A3.3.3 Explain how SQL can be used to update data in a database.

A3.3.3 Explain how SQL can be used to update data in a database. 
• Insert new records (INSERT INTO), modify data (UPDATE SET), remove data (DELETE) 
• The performance implications of updating data in indexed columns, and how indexes might need to be rebuilt or reorganized following significant data modifications

📚 You can find additional information related to these learning standards in the course companion pages 204 to 206

The Big Idea

SQL is not just a language for reading data—it's also a powerful tool for modifying data within relational databases. SQL allows you to:

  • Insert new records,
  • Update existing records,
  • Delete records.

These operations are collectively referred to as Data Manipulation Language (DML) statements. However, modifying data—especially in indexed columns—can have serious performance implications, such as slowing down queries or requiring index reorganization.

This article explains how SQL is used to modify data and how these actions interact with indexes behind the scenes.

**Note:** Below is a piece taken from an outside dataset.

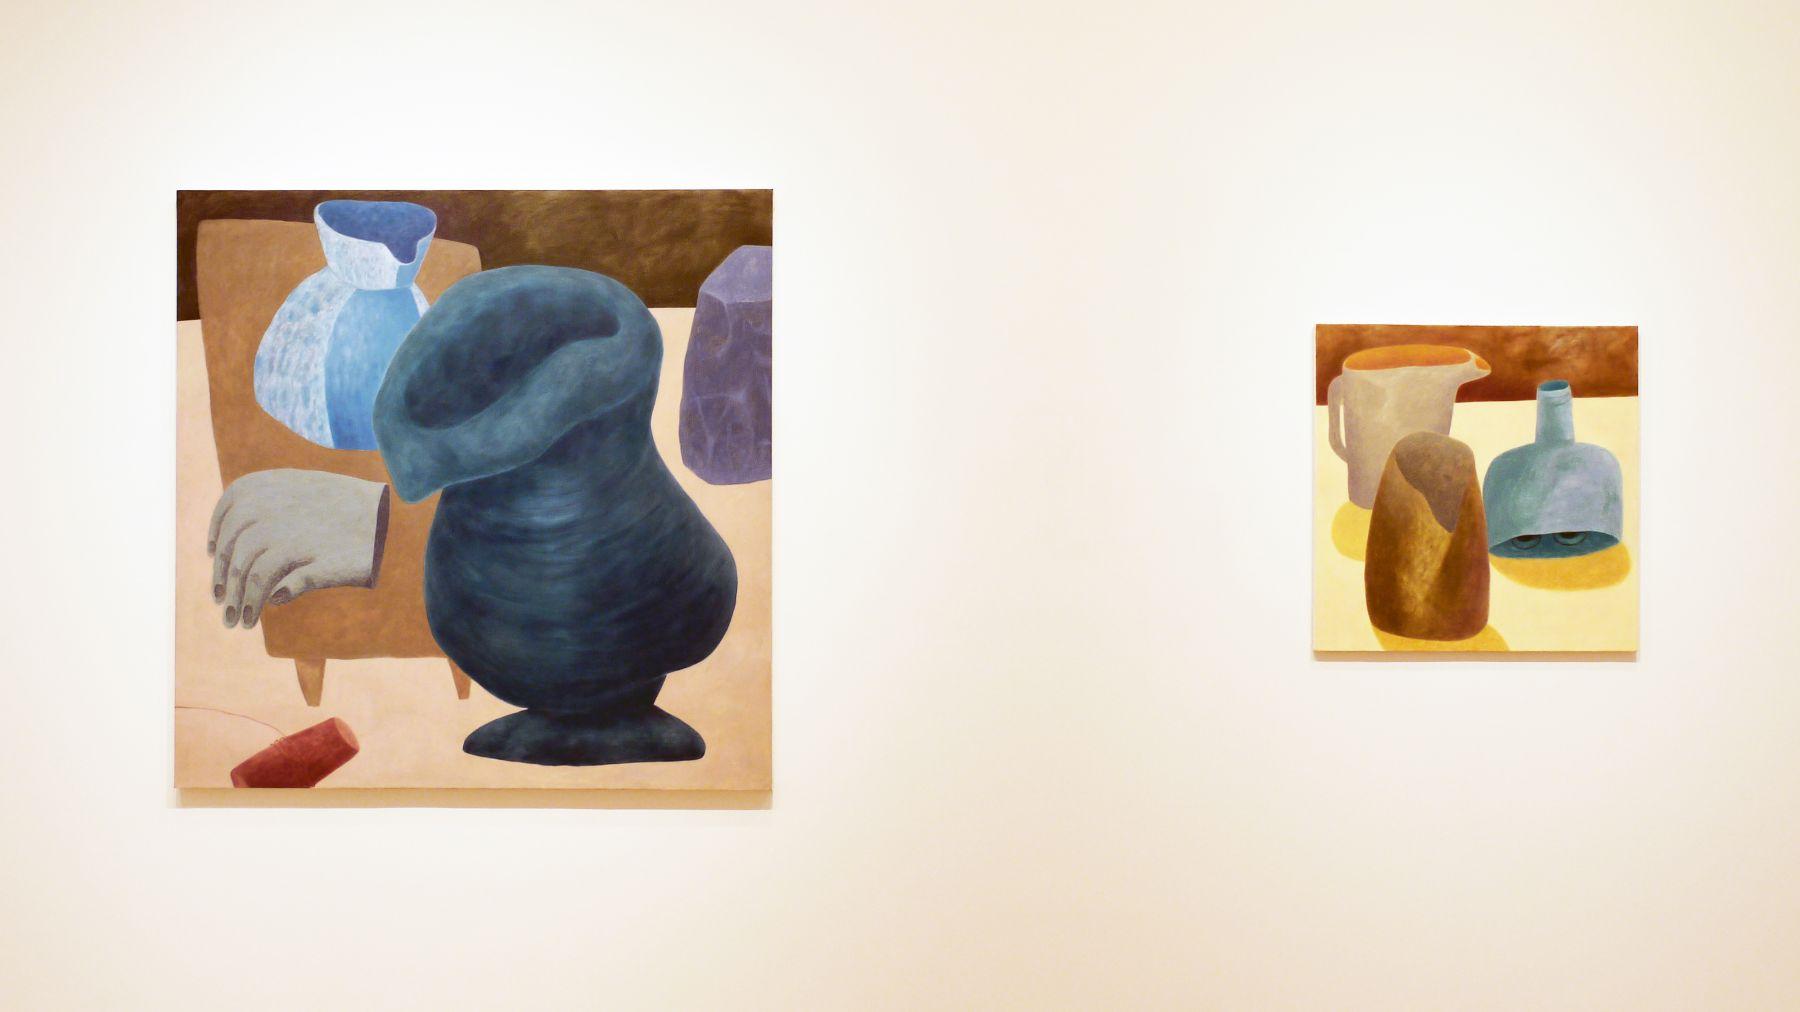 Me, My, Mine: Commanding Subjectivity in Painting
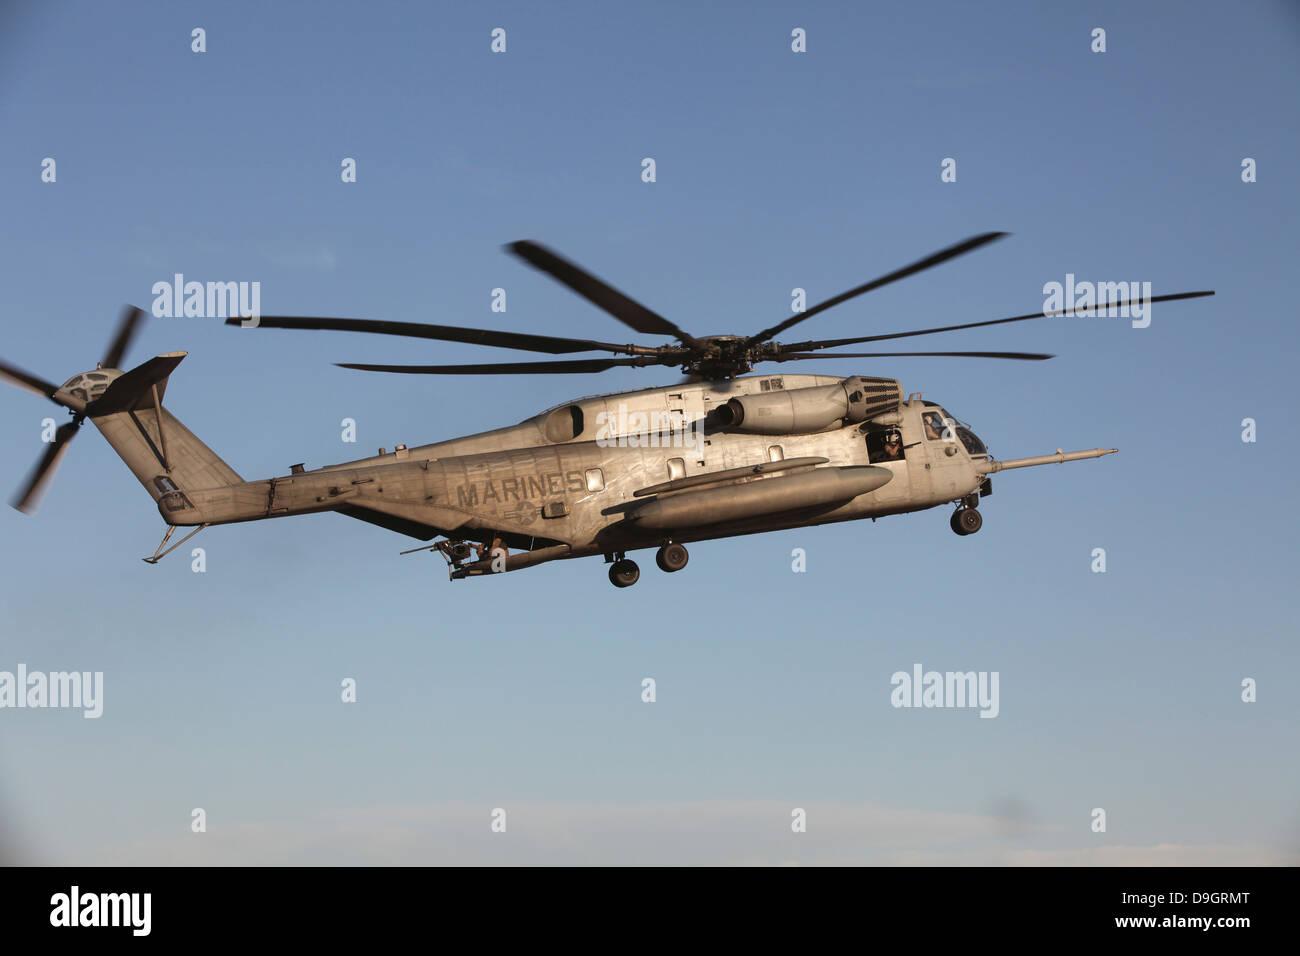 A U.S. Marine Corps CH-53 Sea Stallion helicopter. Stock Photo

It would be an especially good idea to clearly understand database indexes prior to investigating this topic. 


1. Inserting Data with INSERT INTO

Purpose

Adds new rows to a table.

Syntax

INSERT INTO table_name (column1, column2, ...)
VALUES (value1, value2, ...);

Example

INSERT INTO students (student_id, name, grade_level)
VALUES (101, 'Alice Smith', 11);

Notes

  • You must provide values that match the column data types.
  • If a column has a NOT NULL constraint and no default, you must provide a value.
  • Auto-incremented keys (like id) can often be omitted.

2. Modifying Data with UPDATE ... SET

Purpose

Changes values in existing rows based on a filter condition.

Syntax

UPDATE table_name
SET column1 = value1, column2 = value2, ...
WHERE condition;

Example

UPDATE students
SET grade_level = 12
WHERE student_id = 101;

Important

  • Without a WHERE clause, all rows will be updated.
  • Updates can cascade performance issues if large portions of a table are modified.

3. Removing Data with DELETE

Purpose

Deletes one or more rows from a table.

Syntax

DELETE FROM table_name
WHERE condition;

Example

DELETE FROM students
WHERE grade_level = 9;

Important

  • DELETE respects constraints and triggers (e.g., ON DELETE CASCADE).
  • Without a WHERE clause, all rows will be deleted—use carefully.

4. Performance Implications of Updates on Indexed Columns

Indexes are used to speed up SELECT queries by maintaining a separate, optimized data structure (e.g., B-tree, hash) that maps key values to rows. But when you update or delete rows, especially in indexed columns, this affects index maintenance.

When indexes are impacted

  • Inserting into indexed columns: The index must be updated with the new key.
  • Updating an indexed column: The old index entry must be removed and a new one added.
  • Deleting rows: Index entries must also be deleted.

Performance Concerns

OperationEffect on Index
INSERTAdds new entry to the index
UPDATE (on key)Removes old key, inserts new key — may fragment the index
DELETERemoves index entry — can leave gaps or imbalance

These modifications may cause the index to become fragmented, reducing its efficiency.


5. Index Maintenance: Rebuilding and Reorganizing

After heavy data changes, indexes may require manual intervention:

a. Rebuilding an Index

  • Re-creates the entire index structure.
  • More expensive operation.
  • Restores optimal performance and removes fragmentation.
-- Example (SQL Server syntax)
ALTER INDEX index_name ON table_name REBUILD;

b. Reorganizing an Index

  • Defragments the index in-place (less resource-intensive).
  • Used for moderate fragmentation.
ALTER INDEX index_name ON table_name REORGANIZE;

Database engines like PostgreSQL use the VACUUM and REINDEX commands for similar purposes.


Summary

SQL Commands for Data Modification

ActionCommand
InsertINSERT INTO ... VALUES (...)
ModifyUPDATE ... SET ... WHERE ...
RemoveDELETE FROM ... WHERE ...

Key Concepts

  • Always use WHERE clauses to target specific rows when modifying data.
  • Be cautious when modifying or deleting data on indexed columns, as it can degrade query performance.
  • Index maintenance (rebuilding or reorganizing) may be necessary after bulk operations to restore performance.

Conclusion

SQL gives you precise control over inserting, updating, and deleting records—but these operations have side effects on indexing and performance. Understanding how DML operations interact with indexes is crucial for maintaining a high-performance relational database system. In production environments, efficient transaction planning, index monitoring, and batch processing strategies are vital for scalable and safe data updates.